## WHAT IS REQUIRED
The answer must consist solely of the lines from the line with "A PERI RIDING A COMPOSITE HORS" to the end of the data below, transcribed exactly and with no pictures.

## DATA BLOCK
Content starts
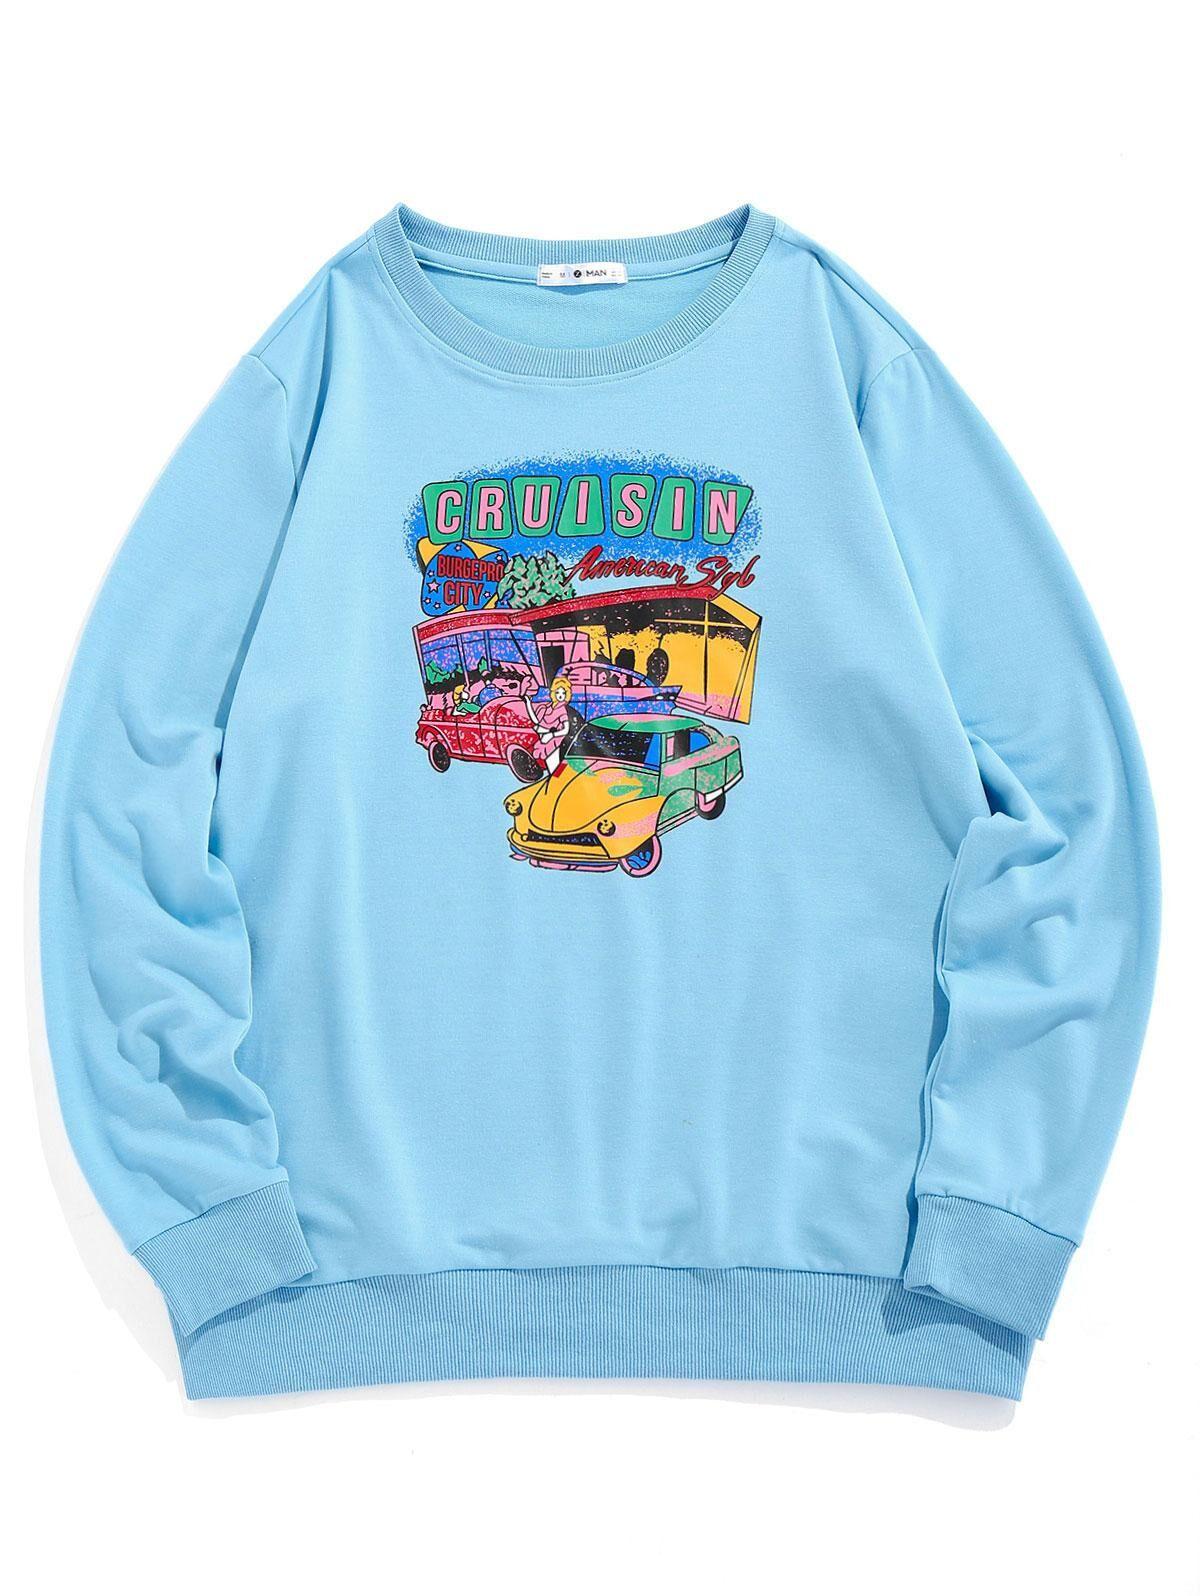 ZAFUL Cartoon Car Print Graphic Sweatshirt in LIGHT BLUE - Size: Large
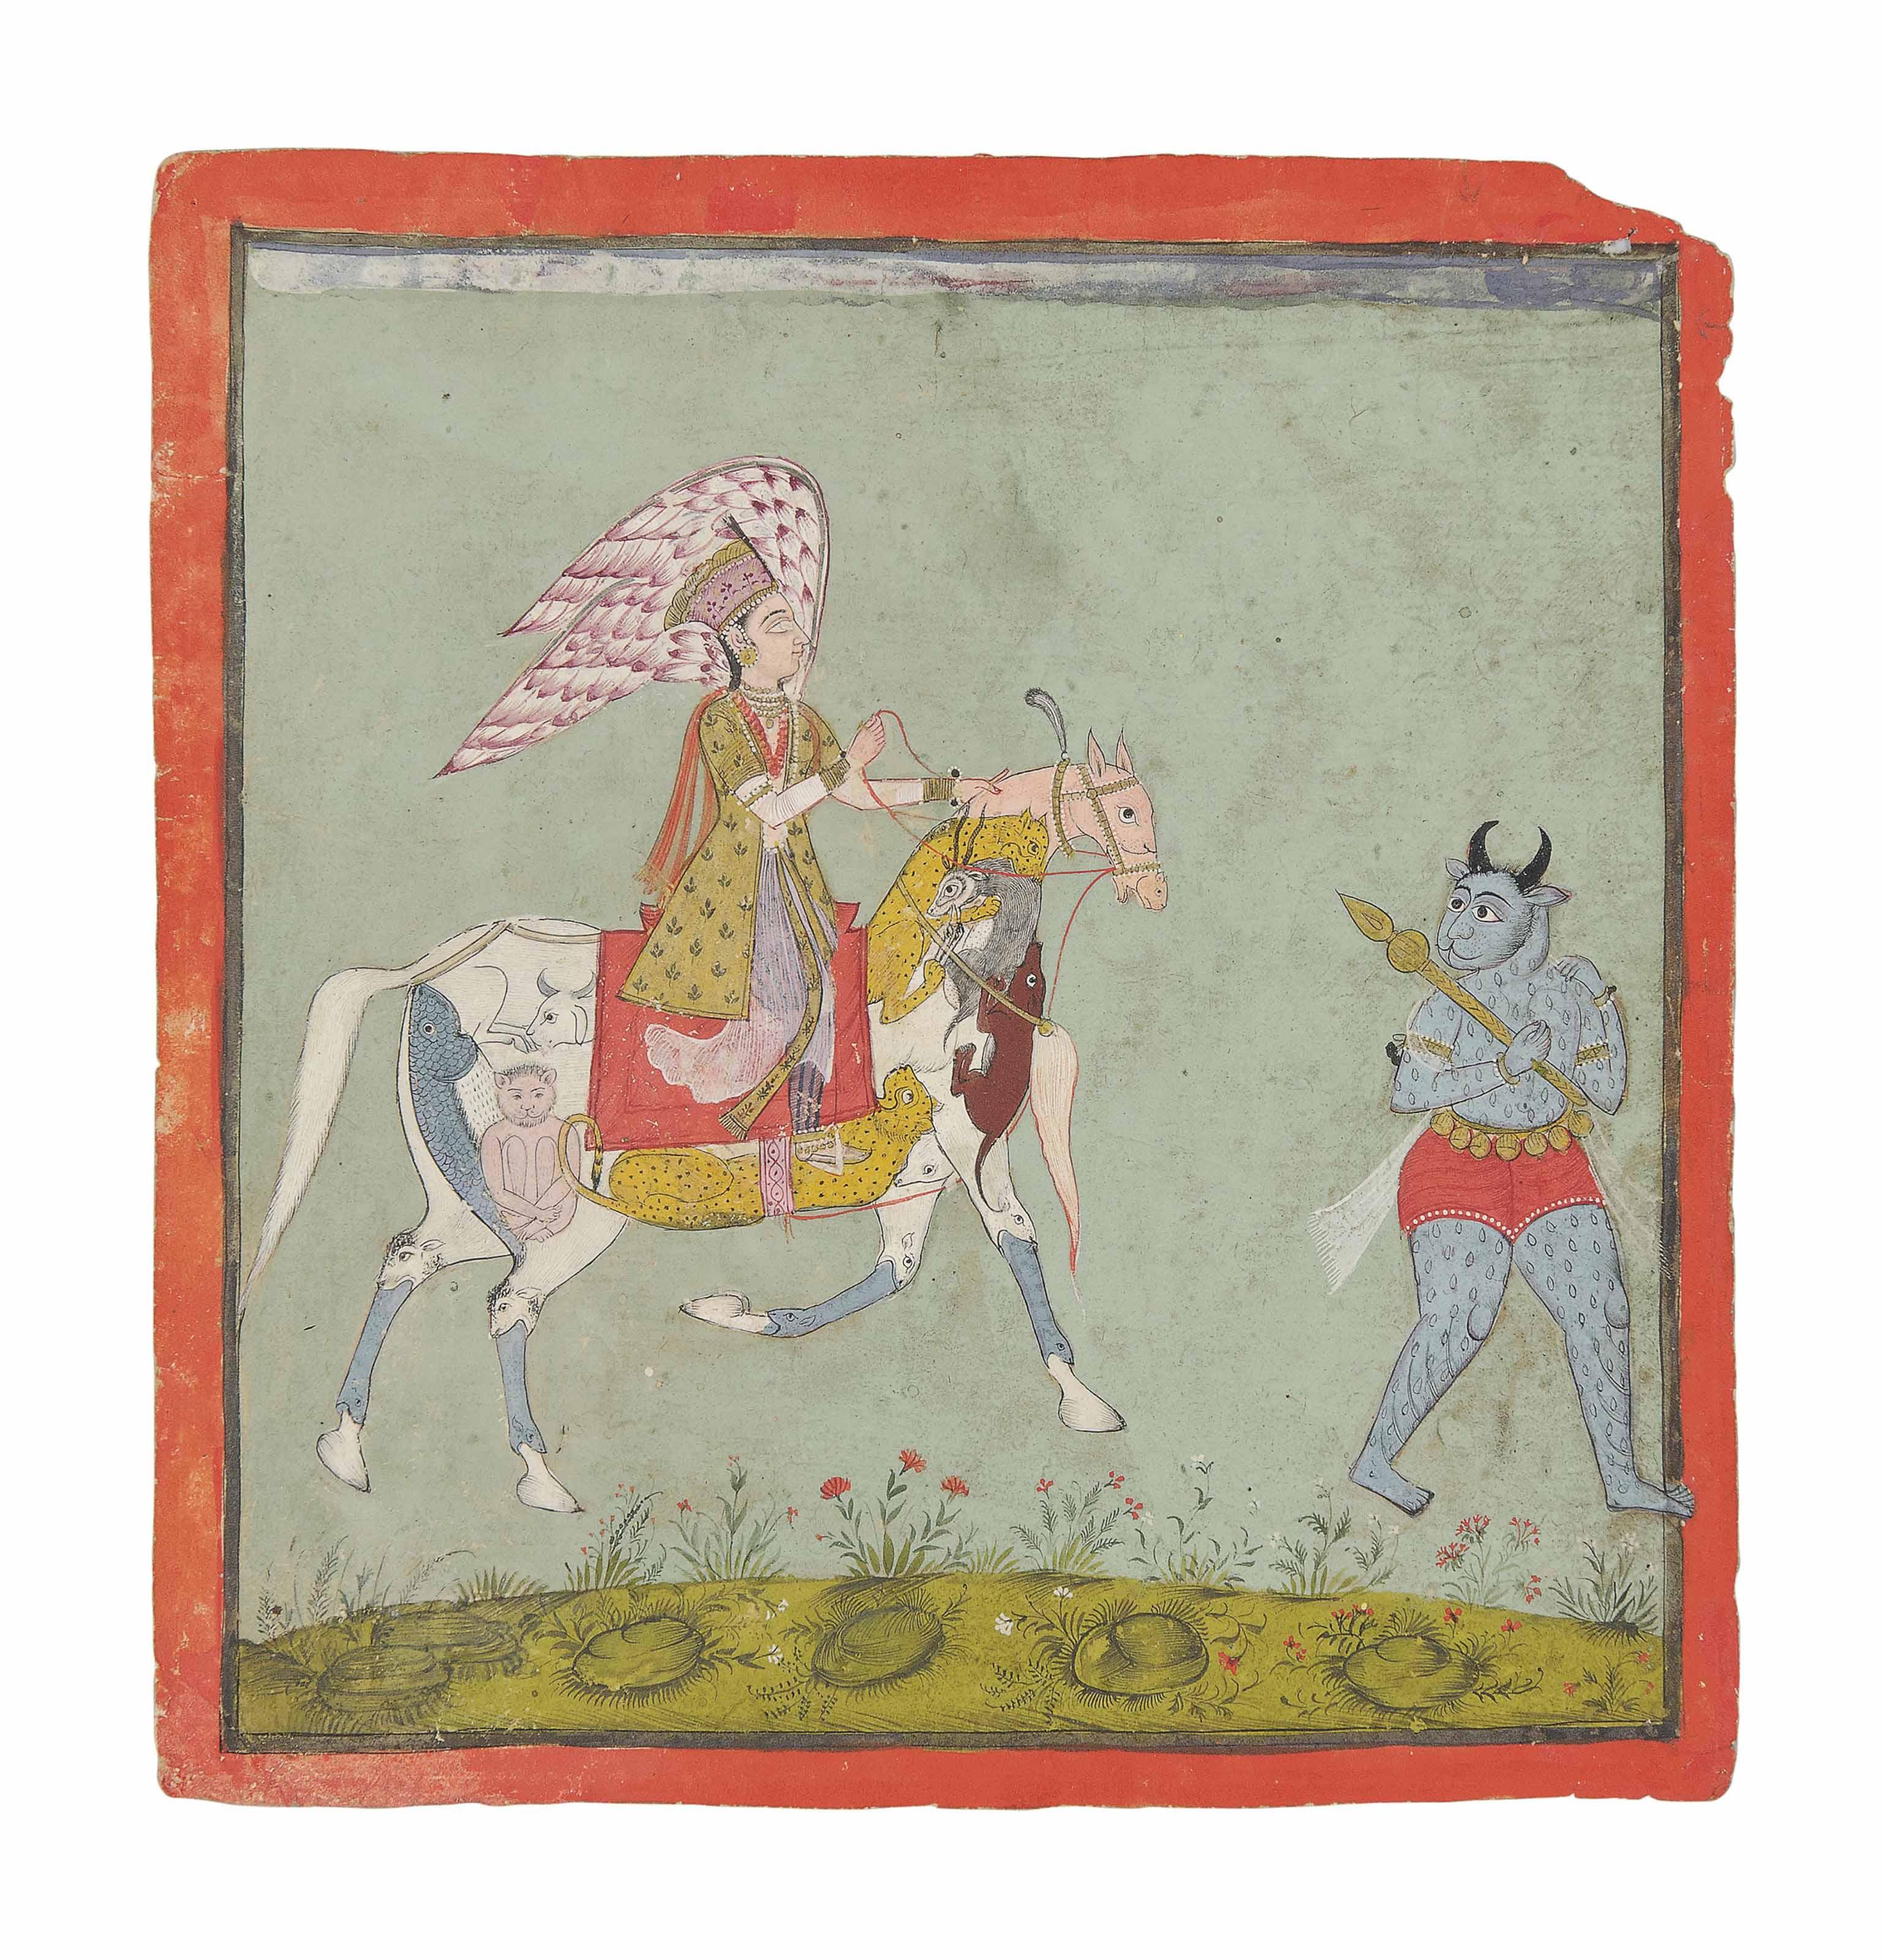 A PERI RIDING A COMPOSITE HORS
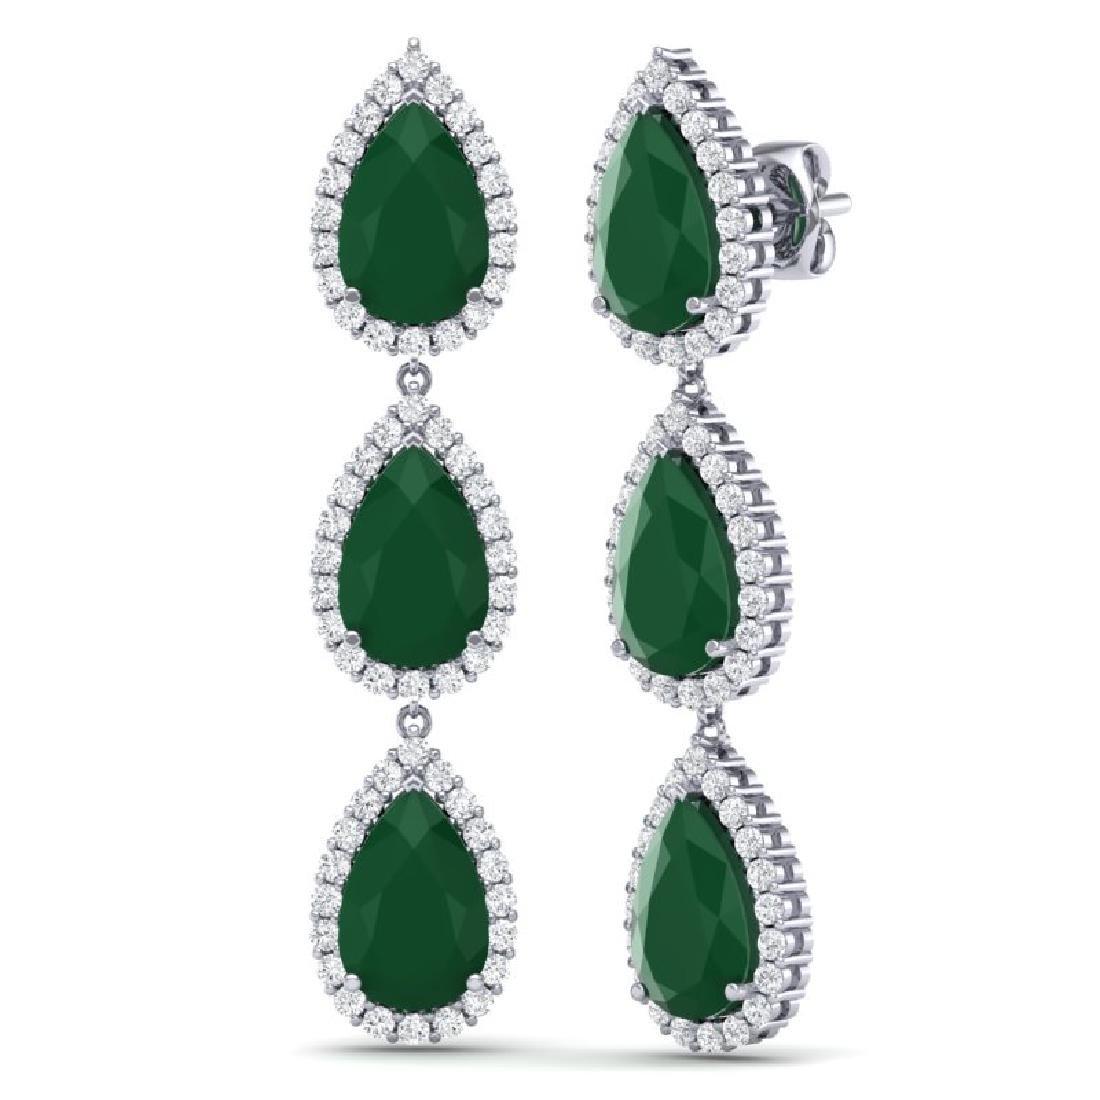 27.06 CTW Royalty Emerald & VS Diamond Earrings 18K - 2
Content ends
## RESPONSE TO THE TASK
 A PERI RIDING A COMPOSITE HORS
 27.06 CTW Royalty Emerald & VS Diamond Earrings 18K - 2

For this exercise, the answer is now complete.